In comparison to previous research, our study's antibiotic resistance patterns are consistent with global trends. However, geographical variances were found, particularly in antibiotic resistance, which could be attributable to changes in antibiotic-prescribing methods, infection control strategies, and local MRSA strain variety.

Effective Antibiotics 

Certain medications, such as vancomycin and linezolid, remained effective against MRSA strains. This outcome is reassuring, as vancomycin is still one of the last resorts for treating MRSA infections.
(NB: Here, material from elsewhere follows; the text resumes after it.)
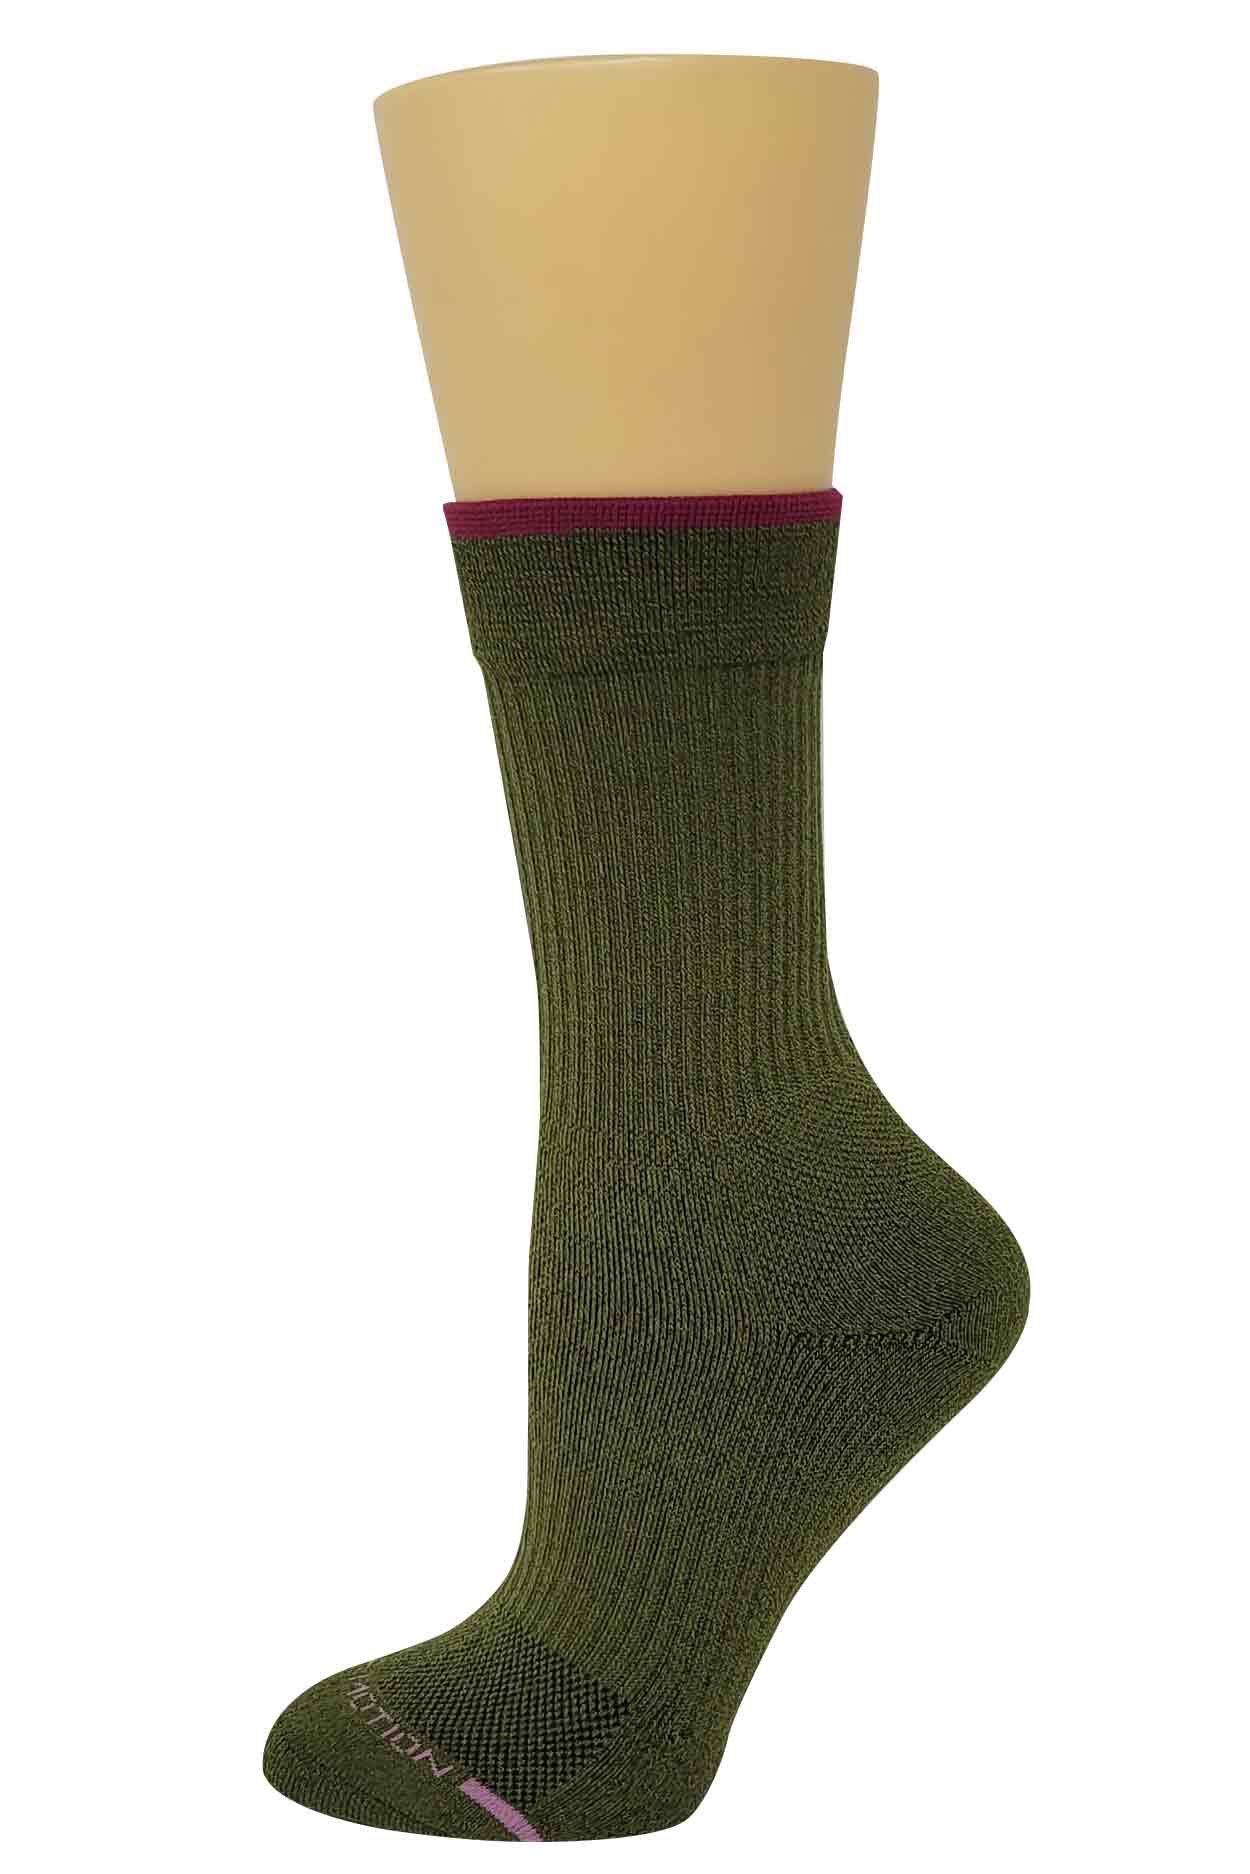 Crew Compression  Socks for Women

Nonetheless, the advent of vancomycin-resistant S. aureus (VRSA) in some places necessitates continued surveillance and the prudent administration of this drug to prevent future resistance development.

Limitation

One limitation of this study is that it is based on samples from a single geographic region, which may not accurately reflect global MRSA resistance trends. Future research should aim to use a more diverse sample pool to increase the generalizability of the findings. Furthermore, molecular typing of MRSA strains might reveal more about the genetic processes underlying their resistance patterns, which was outside the scope of our research.

Conclusions

This study emphasizes the high frequency of MRSA in clinical settings and its complicated resistance to different antibiotics. The findings emphasize the need for careful infection control measures and the wise use of antibiotics in combating the spread of MRSA. While vancomycin and linezolid remain effective therapeutic options, the possibility of resistance to these antibiotics necessitates ongoing monitoring.

Further research is needed to investigate the genetic causes of resistance and create novel ways for effectively managing MRSA infections. The continuous global effort to track MRSA developments and resistance patterns is critical for guiding clinical practice and preserving public health.